Arsyad langsung terdiam dan rasa bersalah begitu menusuk di hatinya, karena sebenarnya ia tidak pergi ke luar kota melainkan pergi ke istri keduanya.
Dan selama ini, Arsyad memang selalu membawa Aira bersamanya kemanapun ia pergi.
"Kan hanya seminggu, Sayang. Dan aku juga selalu menghubungimu, 'kan?" kilah Arsyad kemudian karena memang setiap hari ia selalu menghubungi Aira.
"Iya deh, percaya," gumam Aira kemudian ia mengecup hidung mancung suaminya itu. "Aku juga, jatuh cinta setiap hari sama kamu."
...***...
Anggun hanya bisa meringkuk di atas ranjangnya, ia tak bisa melupakan bentakan dan teriakan Arsyad padanya.

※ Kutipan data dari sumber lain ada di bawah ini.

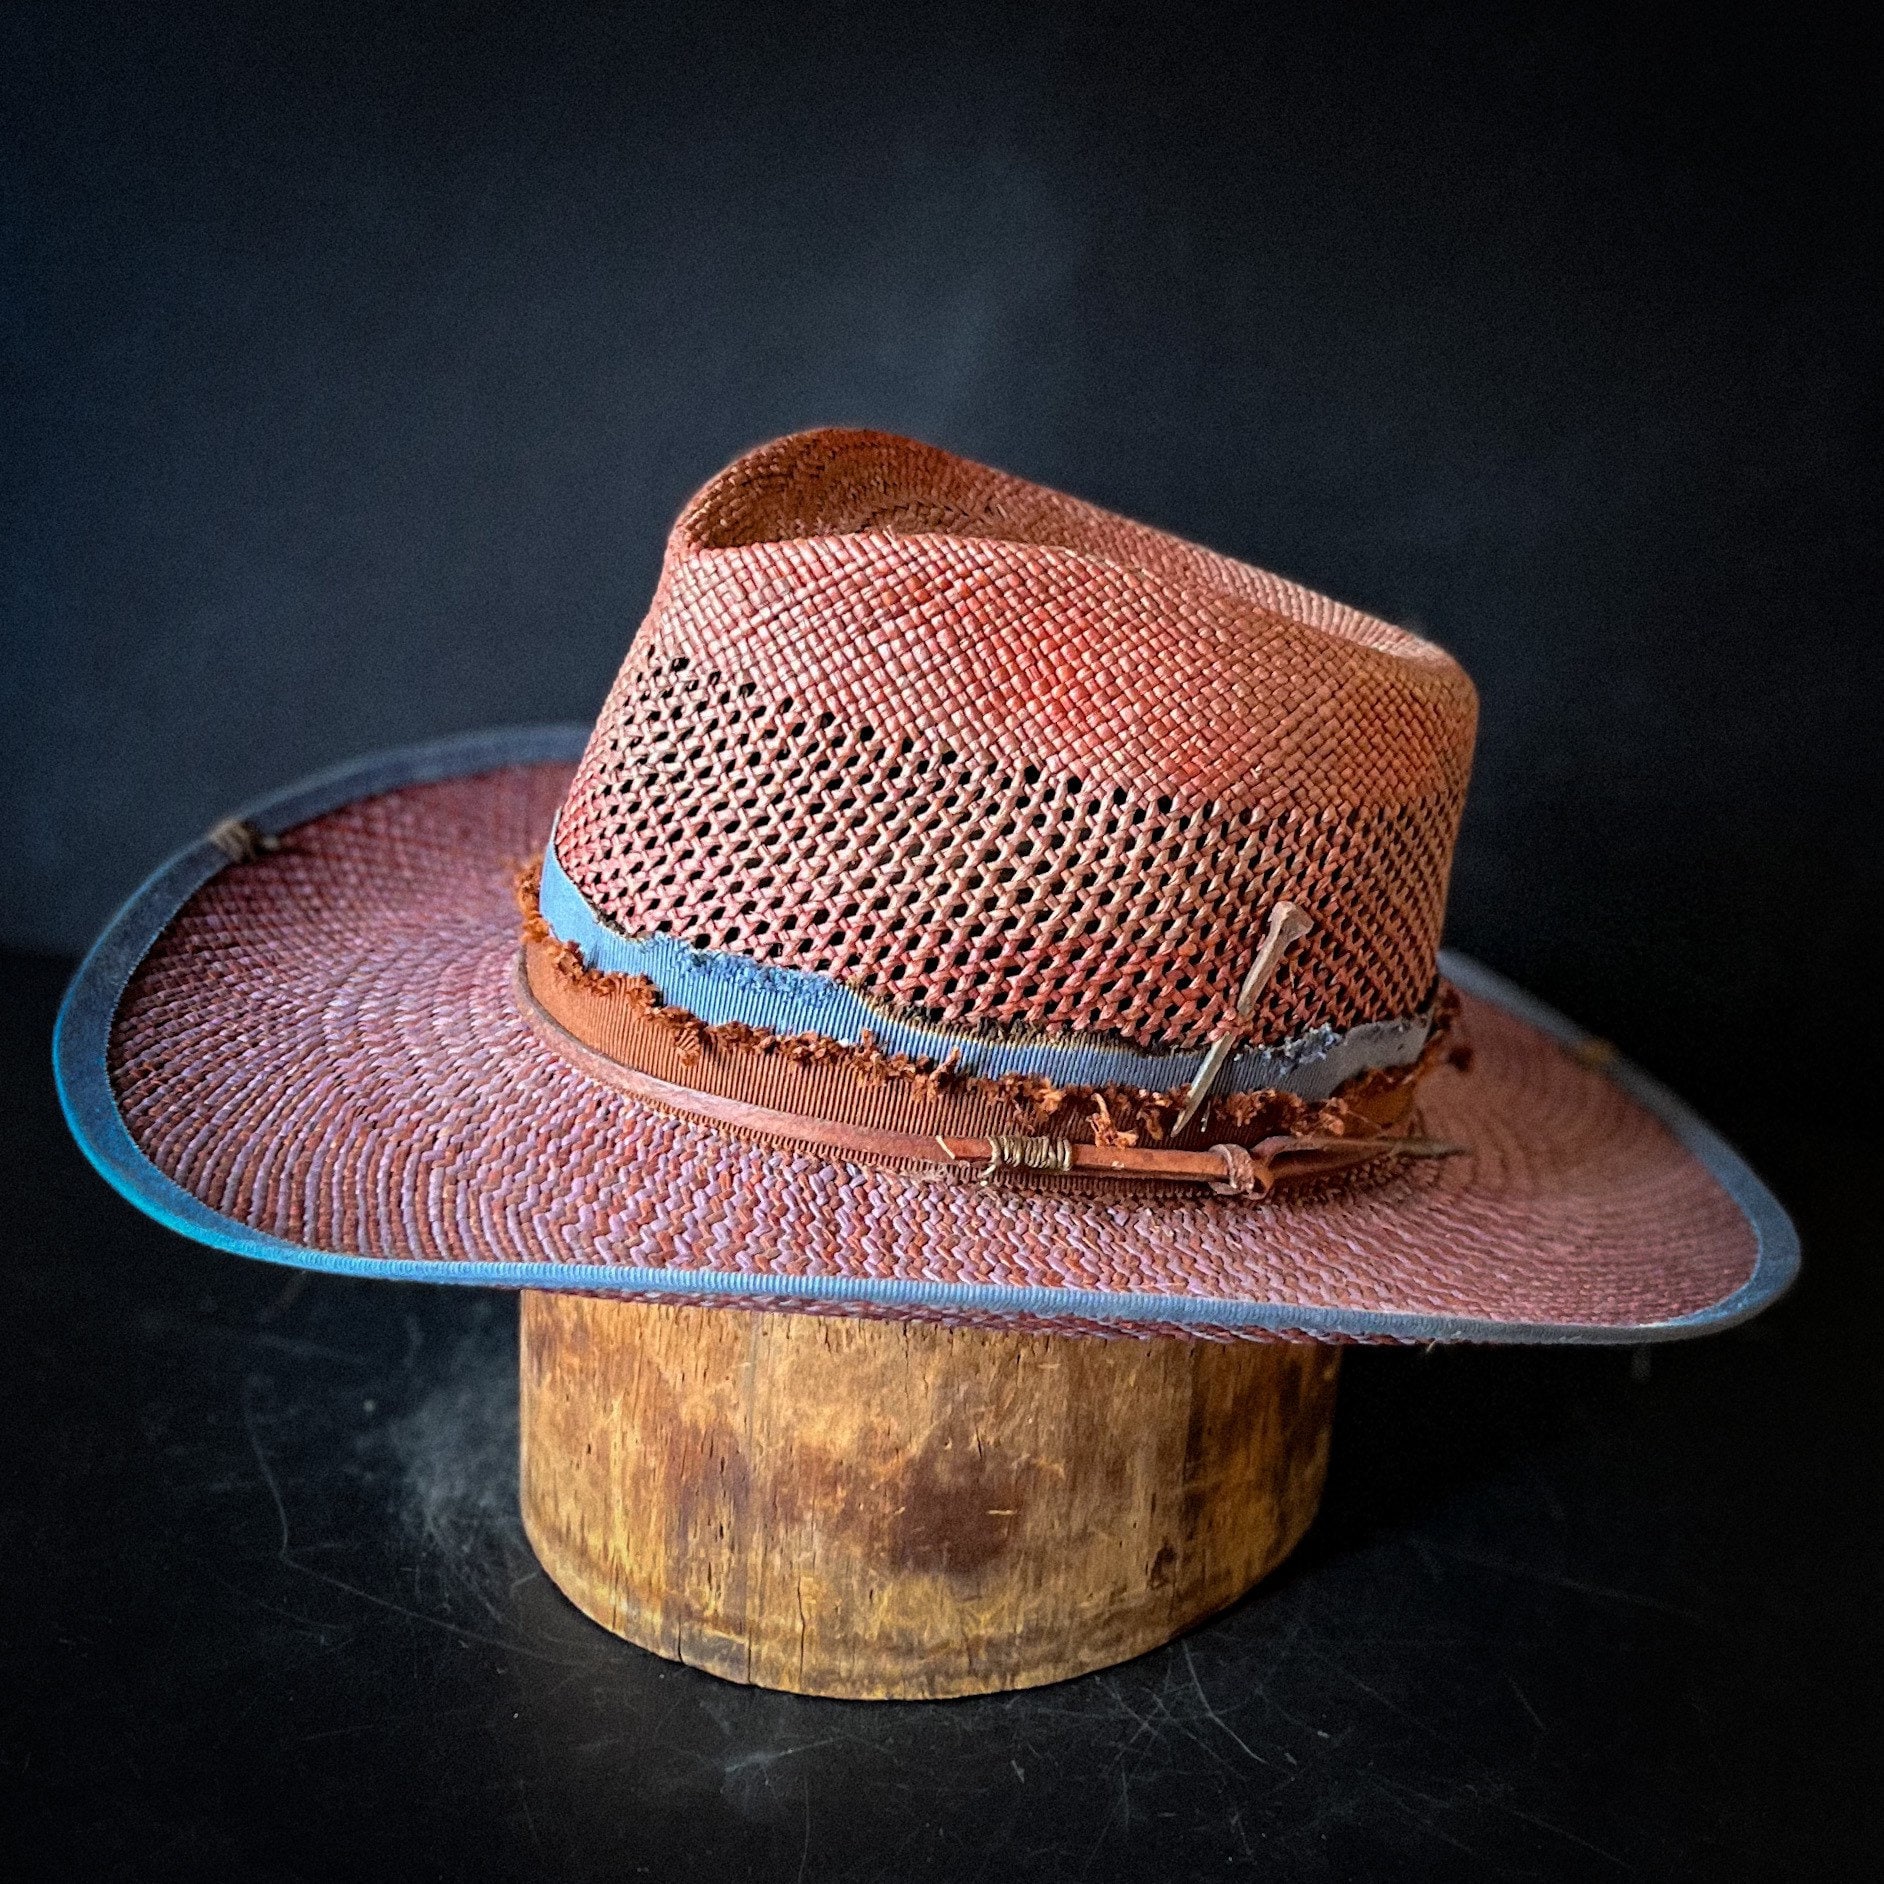 Straw cowboy hat size 6 7/8. The “Denim & Rust” from Ugly Outlaw.
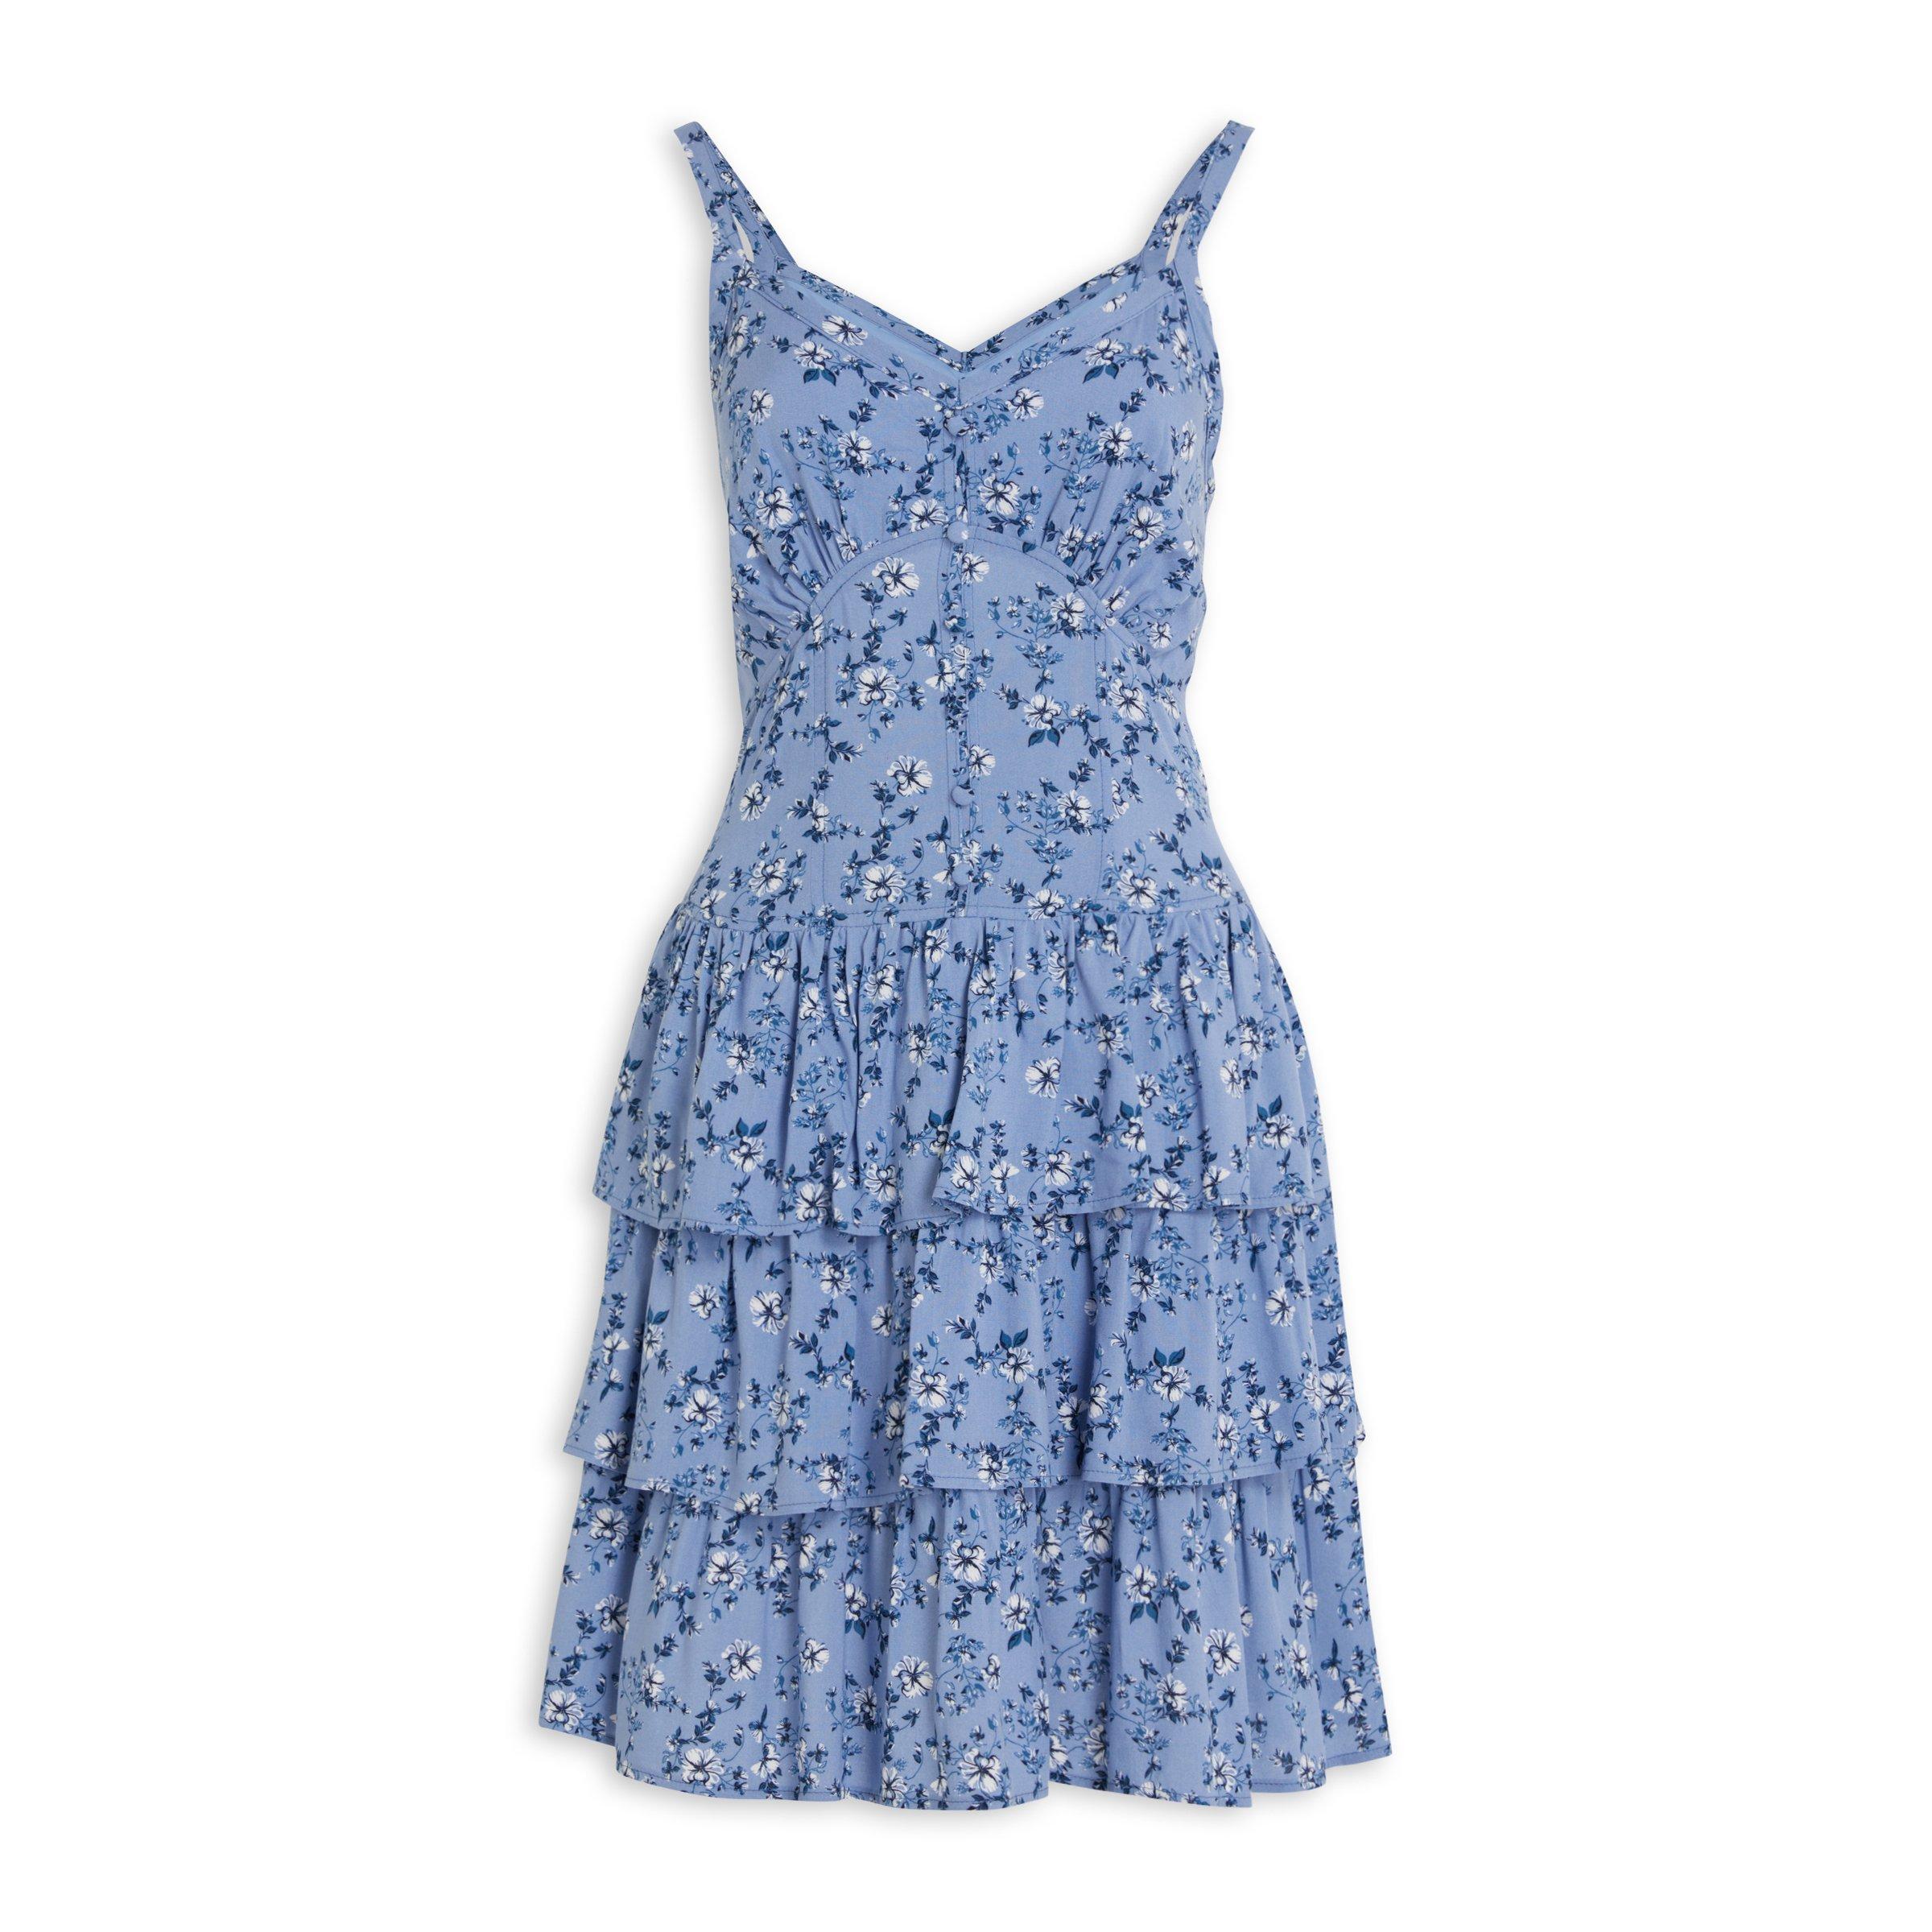 PRINTED TIERED DRESS - Blue / White

"Mungkin, Papa akan berubah kalau kamu sudah lahir ya, Nak. Mungkin, papa juga bisa mencintai Mama kalau kamu sudah ada di dunia ini. Mama jadi semakin tidak sabar menunggu kehadiranmu." Anggun berkata sambil mengelus perutnya
"Anggun...." Anggun langsung duduk saat mendengar suara ibunya, ia segera menghapus air matanya dan menyunggingkan senyum saat sang ibu masuk ke kamarnya. "Kamu sakit?"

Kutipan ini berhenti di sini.